In Section 14.4 we had seen that for all natural numbers \(m\) the set \(\Z_m=\{0,1,2,\dots,m-1\}\) with addition modulo \(m\) is a group. In this section, we investigate which sets form a group with the operation \(\otimes\text{.}\)

In the video in Figure 14.5.1 we present the main results of this section. Then we consider several examples and eventually proof the main result that states \((\Z_p^\otimes,p)\) is a group only when \(p\) is a prime number.

Figure 14.5.1. Examples of Groups (Part 2: Multiplicative Groups) by Matt Farmer and Stephen Steward.

We first investigate what happens when we consider the binary operation given by \(a \oplus b\fmod m\) is a composite number.

We consider the set \(\Z_6\) with the binary operation \(\otimes:\Z_6\times\Z_6\to\Z_6\) given by \(a\otimes b=(a\cdot b)\fmod 6\text{.}\) Note that \(\otimes\) is not a binary operation on \(\Z_6^\otimes\) as \(2\otimes 4=0\not\in\Z_6^\otimes\text{.}\) The operation table for \(\otimes\) is:

\(\otimes\) 0 1 2 3 4 5
0 0 0 0 0 0 0
1 0 1 2 3 4 5
2 0 2 4 0 2 4
3 0 3 0 3 0 3
4 0 4 3 0 4 2
5 0 5 4 3 2 1

From the table we see that 1 is the identity element with respect to \(\otimes\text{.}\) The only elements that have a 1 in their row (or column) are 1 and 5. So 0, 2, 3, and 4 do not have inverses with respect to \(\otimes\text{.}\) Hence \(\Z_6\) with the operation \(\otimes\) is not a group.

In Example 14.5.2 we found that \(0\) and the divisors of the modulus \(6\) do not have inverses. We now investigate what happens when we reduce the number of divisors of the modulus by using a prime number.

We consider \(\Z_7\) with the binary operation \(\otimes:\Z_7\times \Z_7\to\Z_7\) given by \(a\otimes b=(a\cdot b)\fmod 7\text{.}\)
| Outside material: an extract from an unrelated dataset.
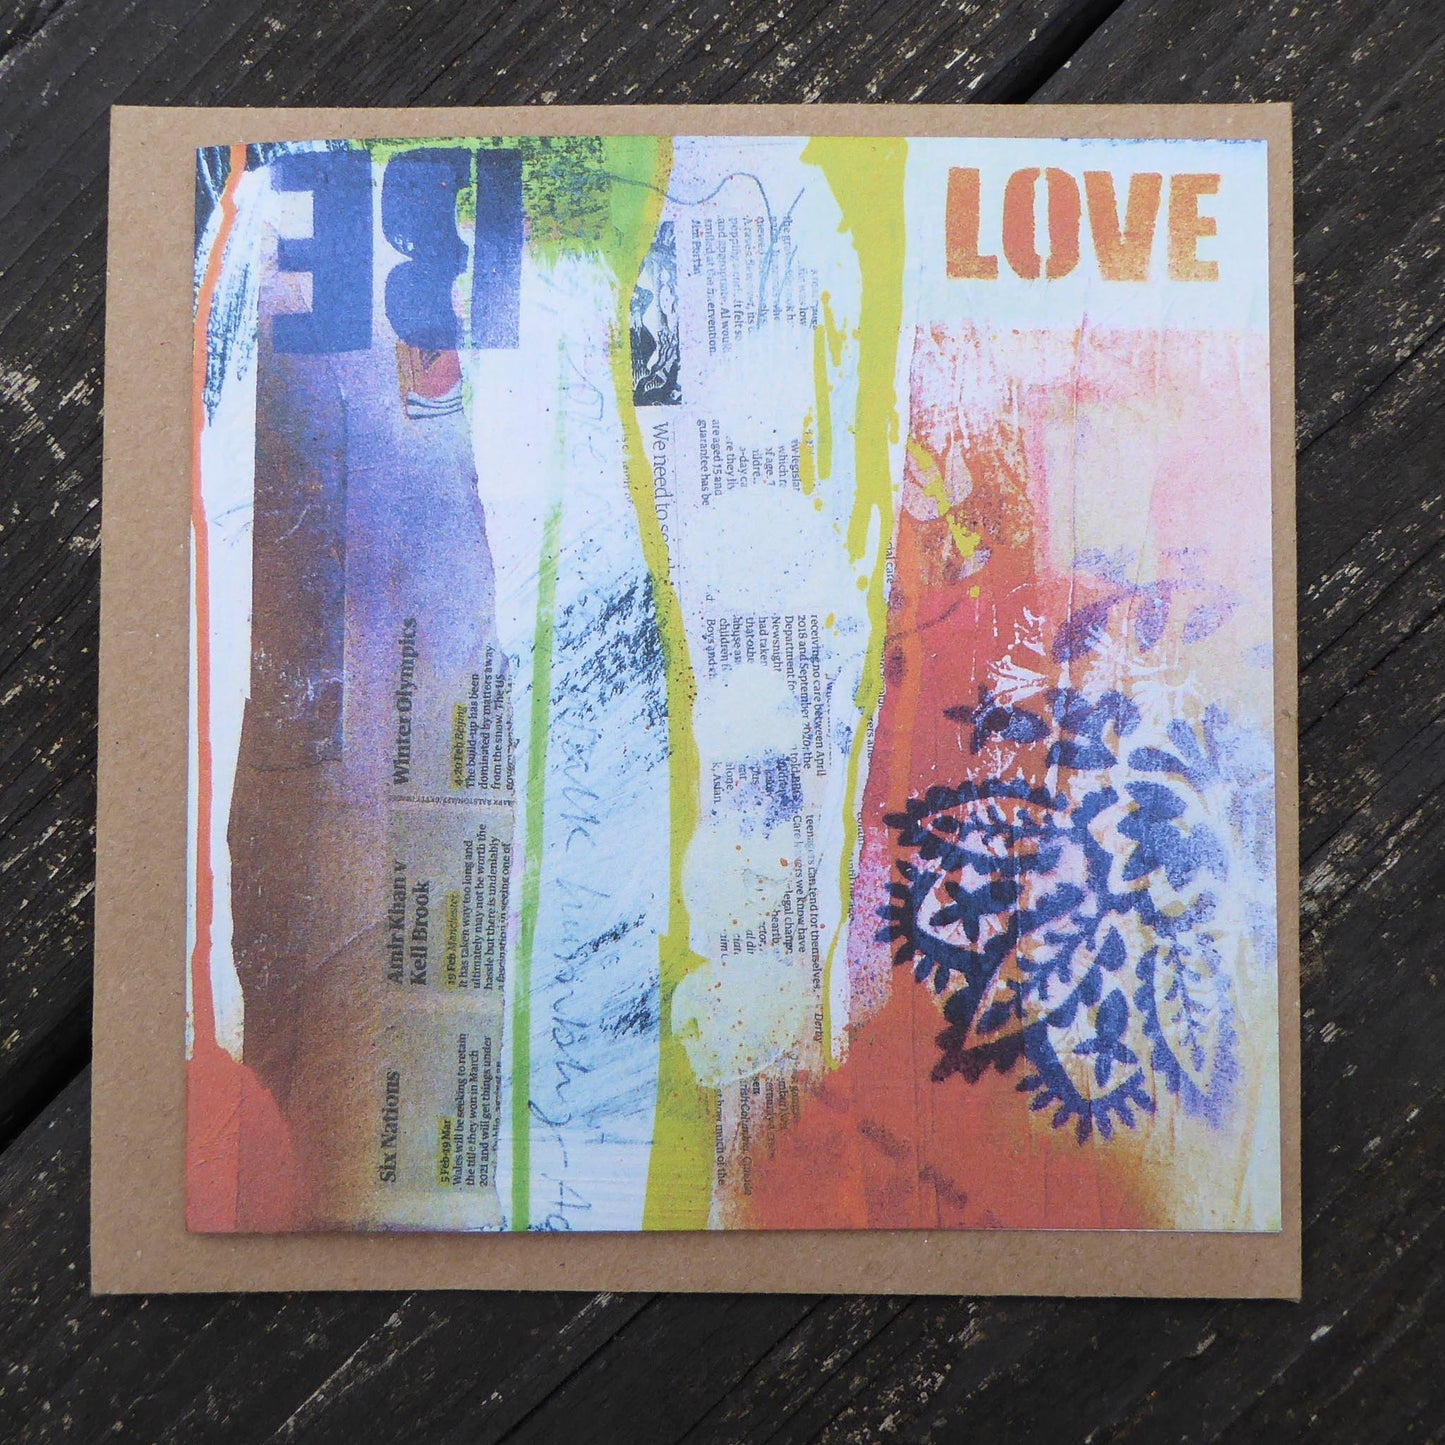 Single greetings card - re-cycled - blank inside - by Norfolk based artist Debbie Osborn

From the multiplication table in Table 14.3.3 we see that \(1\) is the only possibility of an identity element with respect to \(\otimes\text{.}\) We also see that \(0\) does not have an inverse with respect to \(\otimes\text{.}\) Thus \(\Z_7\) with \(\otimes\) does not satisfy Definition 14.1.2 Item 2. Which implies that \((\Z_7,\otimes)\) is not a group.
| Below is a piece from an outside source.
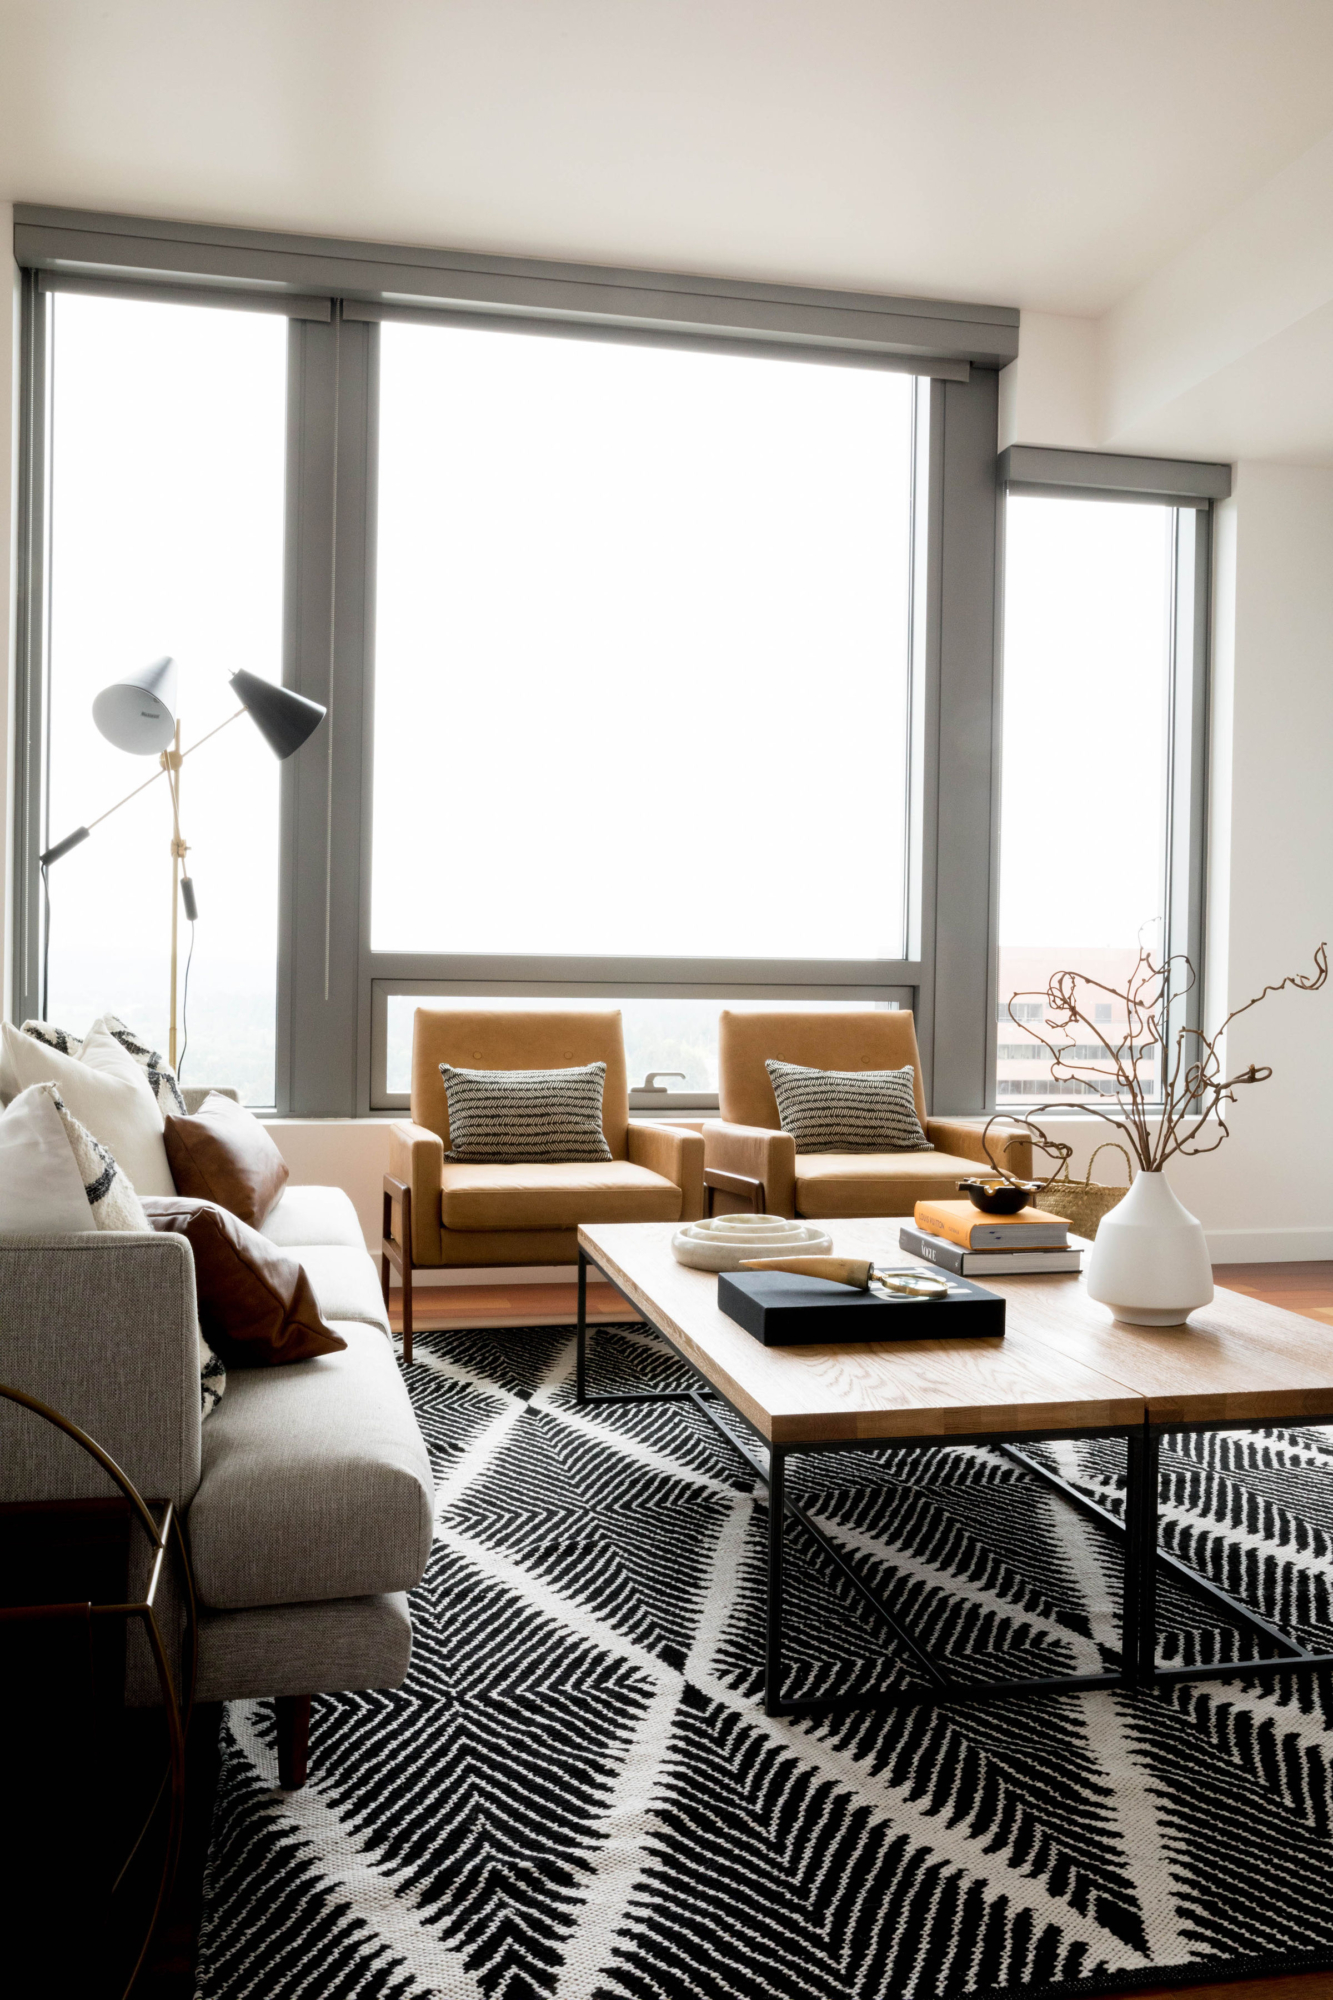 %luxury home staging %modern interior design

In Example 14.5.3 we have seen above that \(\Z_7\) with the binary operation \(\otimes: \Z_7 \times \Z_7 \to \Z_7\) is not a group because \(0\) which is an element of \(\Z_7\) does not have an inverse with respect to \(\otimes\text{.}\)

We remedy this situation by excluding \(0\) from the set and show that \((\Z_7^\otimes,\otimes)\) is a group.
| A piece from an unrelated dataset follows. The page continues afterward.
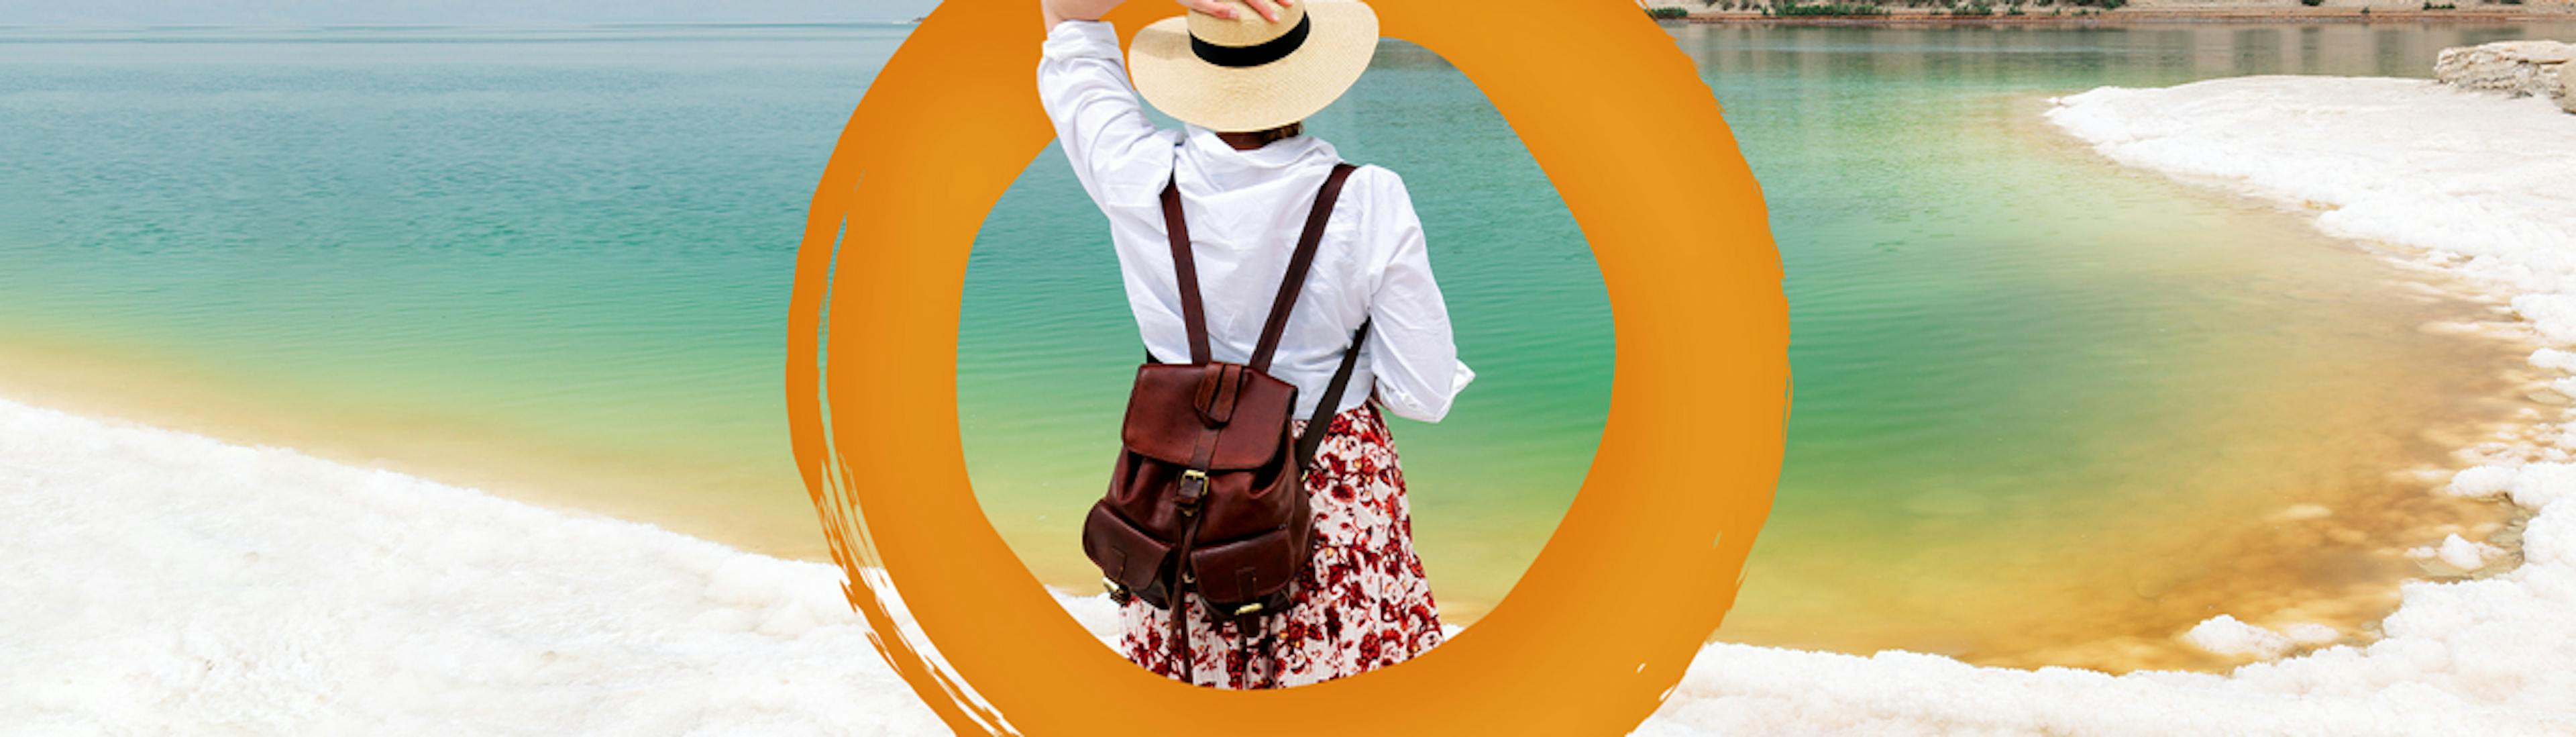 Imagen de mujer en la playa con sombrero

Show that the set \(\Z_7^\otimes=\{1,2,3,4,5,6\}\) with the operation \(a\otimes b=(a\cdot b)\fmod 7\) is a group.

Solution.

We show that \(\Z_7^\otimes\) with \(\otimes\) satisfies the properties of a groups from Definition 14.1.2. Because \(7\) is a prime number, the product of two numbers that are not divisible by \(7\) is also not divisible by \(7\text{.}\) Again because \(7\) is prime, none of the elements in \(\Z_7^\otimes\) are divisible by seven. Thus the product of two elements of \(\Z_7^\otimes\) is not divisible by \(7\text{,}\) and its remainder is not \(0\text{.}\) Thus \(\otimes\) is a binary operation on \(\Z_7^\otimes\text{.}\)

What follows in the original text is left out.